Gemini Embedding 2 is presented as a single natively multimodal embedding model that embeds text, images, audio, PDFs, and videos (up to 2 minutes) into one shared vector space.
Briefing
Gemini Embedding 2 is positioned as a single, natively multimodal embedding model that collapses what used to require many separate pipelines—one model per modality, multiple vector stores, and extra fusion or reranking logic. Instead of converting audio to text or images to captions and then searching across separate indexes, Gemini Embedding 2 can embed text, images, up to 2-minute videos, audio files, and PDFs directly into a shared vector space. The practical payoff is straightforward: one API call, one index, and one query can retrieve semantically similar content across modalities—text-to-image, image-to-video, audio-to-video, and more—without stitching together five different systems.
At the core is the embedding concept: the model turns any supported input—whether a sentence, a photo, a clip, a recording, or a PDF—into a high-dimensional vector that captures semantic meaning. Similar vectors land close together, so similarity search becomes a cross-modal retrieval mechanism. The transcript emphasizes that these representations live in thousands of dimensions (not just a small 3D intuition), enabling fine-grained matching such as recognizing not only “cats,” but also visual attributes like black-and-white patterns and specific facial characteristics.
The model’s multimodal capability goes beyond “choose one modality.” It can accept multiple modalities in a single request—for example, combining an image and a text description to produce one embedding representing their joint meaning. That enables workflows like searching for watch videos using an embedding derived from “a watch description plus a watch-band image,” even when the exact target image isn’t available. The demo described in the transcript illustrates this behavior: image queries return both matching images and relevant videos, and speech queries return images and videos containing the referenced subject.

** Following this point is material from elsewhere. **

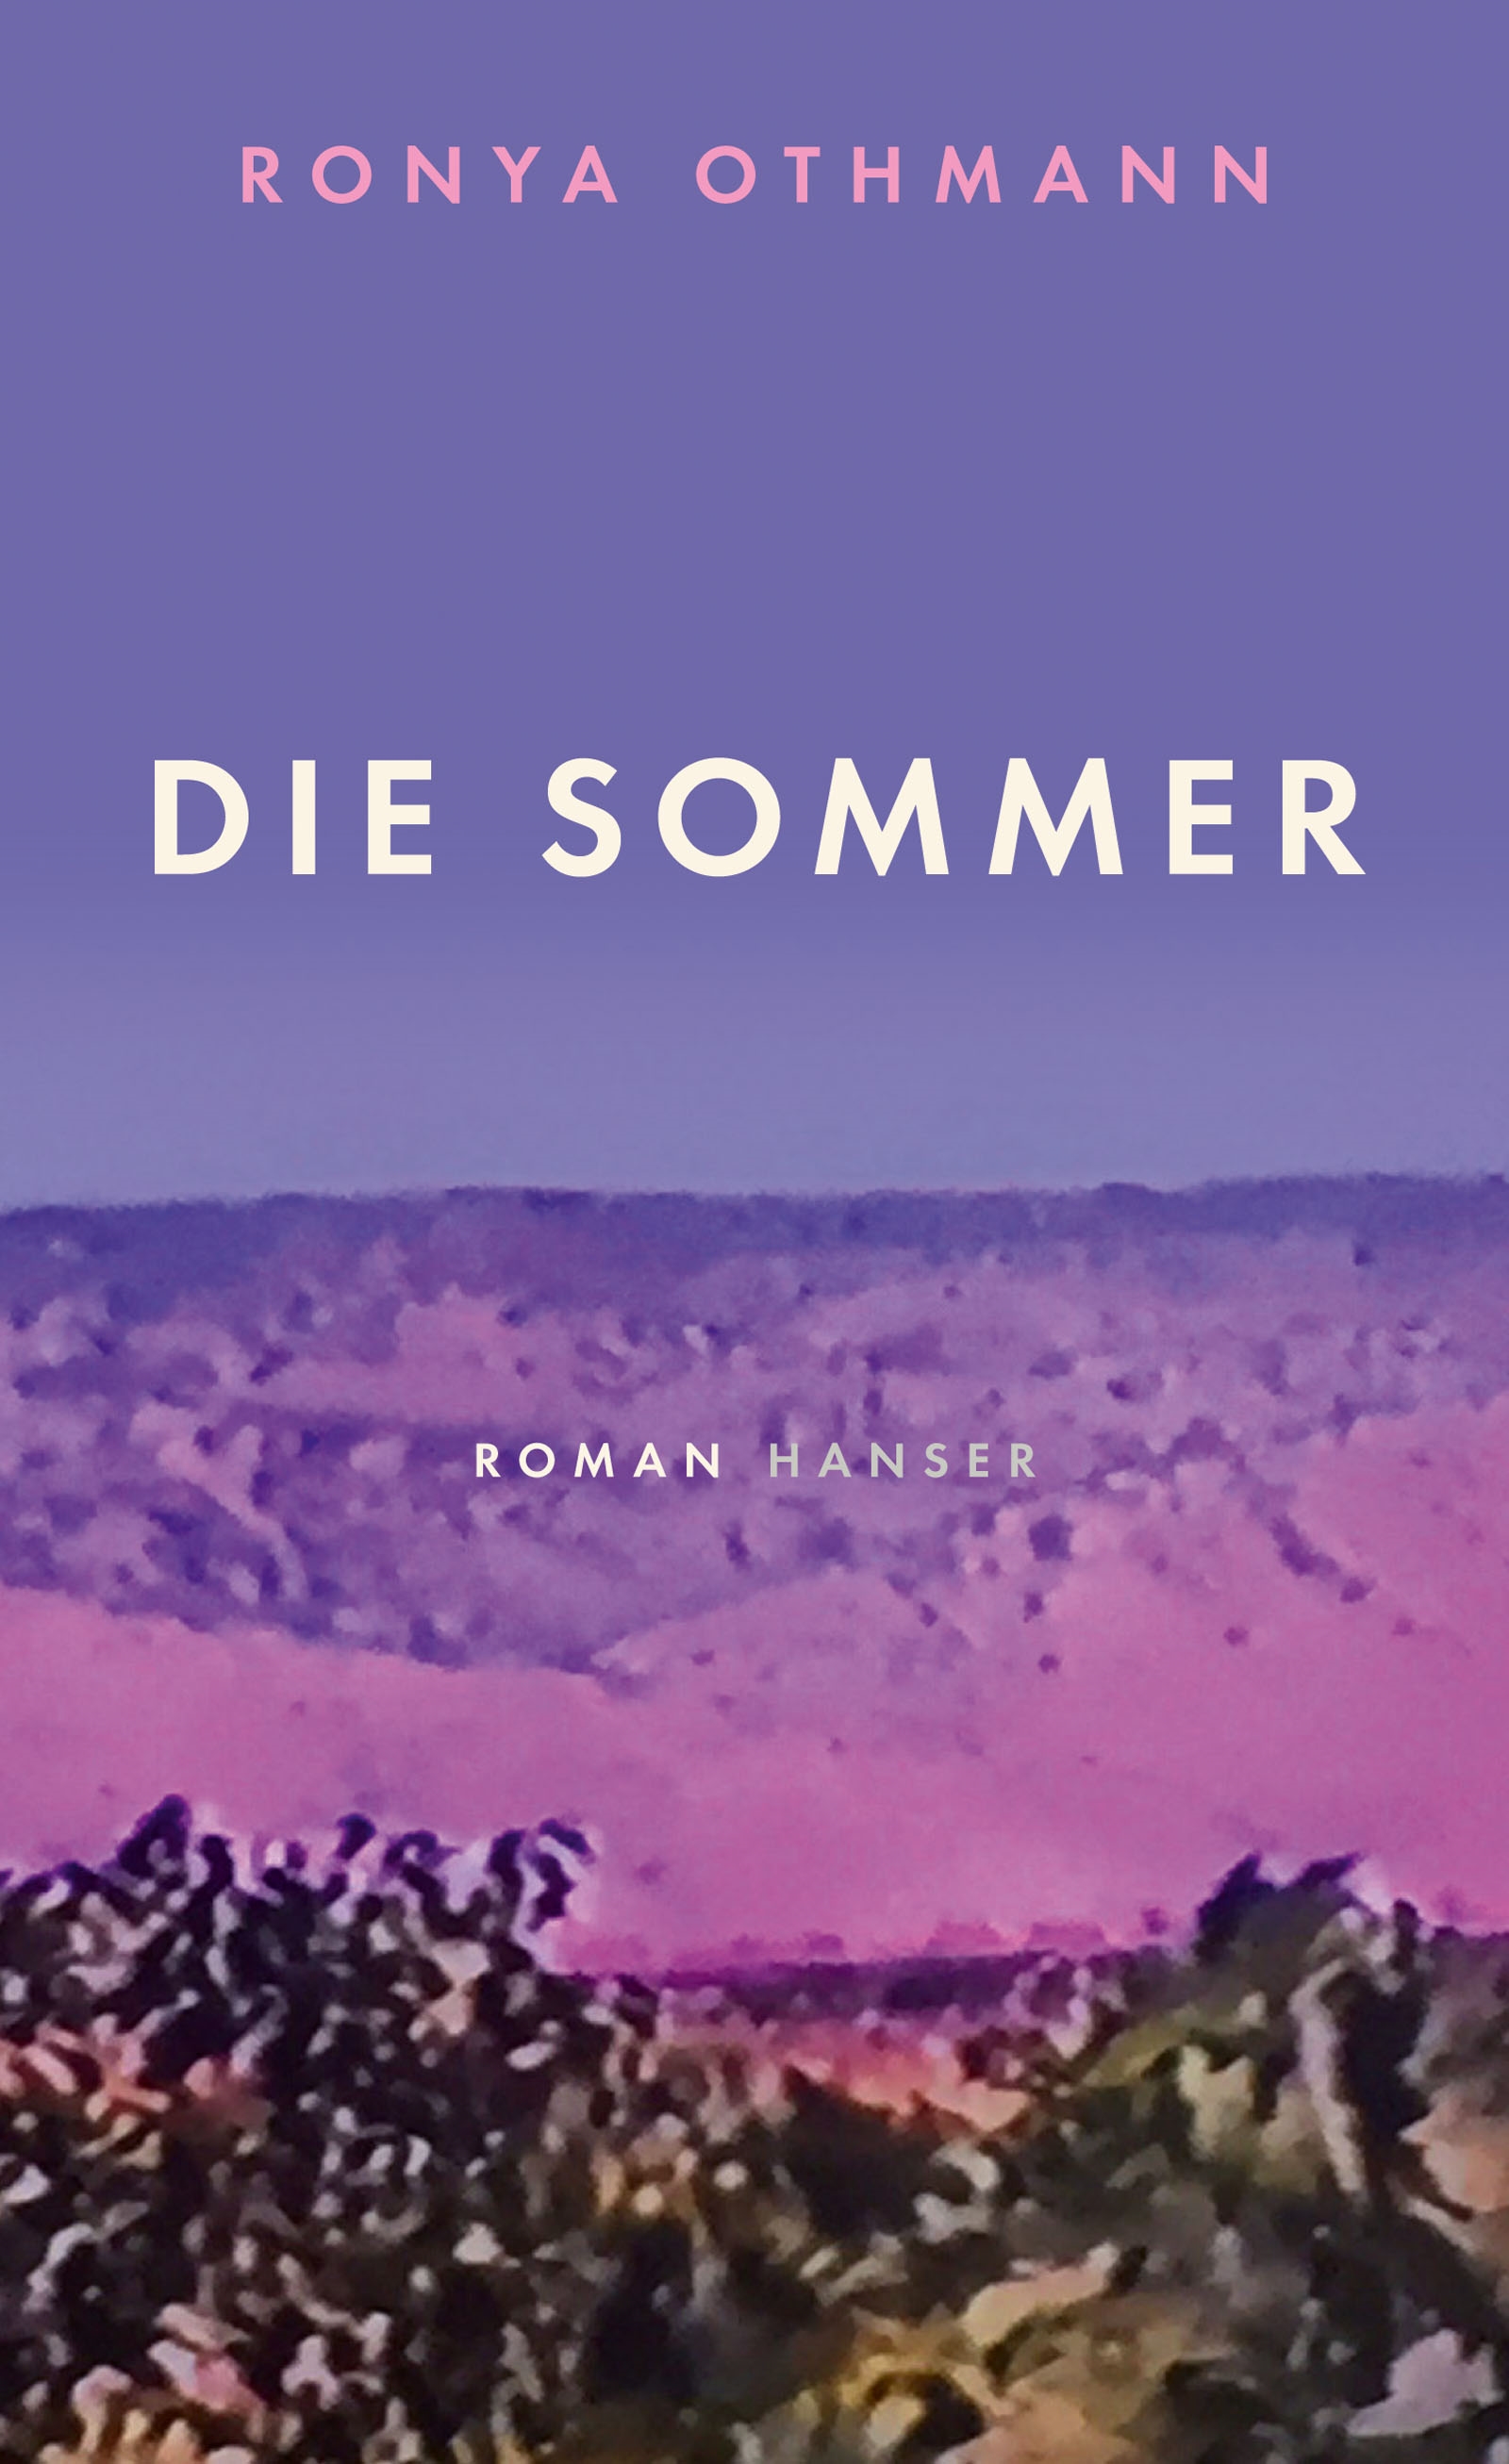 Buchcover Ronya Othmann: “Die Sommer” im Hanser Verlag

For long-form content, the transcript notes a practical strategy: chunking. While the model accepts videos up to 2 minutes, longer videos (hours) can be split into smaller segments (e.g., 15–30 seconds) so text queries can retrieve more precise timestamps. A similar idea applies to building searchable university course libraries: encode lesson video, audio, and slide PDFs, then ask questions like which lessons covered a specific topic.

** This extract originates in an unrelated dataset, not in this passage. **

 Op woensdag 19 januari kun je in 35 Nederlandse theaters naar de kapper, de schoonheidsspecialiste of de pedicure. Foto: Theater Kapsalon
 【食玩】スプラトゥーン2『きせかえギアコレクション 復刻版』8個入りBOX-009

The transcript also details constraints and implementation choices. Text inputs support up to 8,000 tokens, and the model can take up to six images per request. For PDFs, embeddings can be generated either via a files API or directly from bytes using the correct MIME type (application/pdf). When multiple pieces of content are involved—such as a social post with text plus an image—there’s a choice between producing one aggregated embedding for the whole post or generating separate embeddings per part.
On performance, Google’s published benchmarks are referenced without deep walkthrough: Gemini Embedding 2 is said to improve text-to-text similarity versus Gemini embedding 001 and to outperform other multimodal baselines for image-to-text and text-to-image. A key technical feature is Matrioska representation learning, which allows smaller embedding sizes (e.g., half or quarter of 3,072) when full dimensionality isn’t needed—trading storage and speed for potentially less fine-grained semantics.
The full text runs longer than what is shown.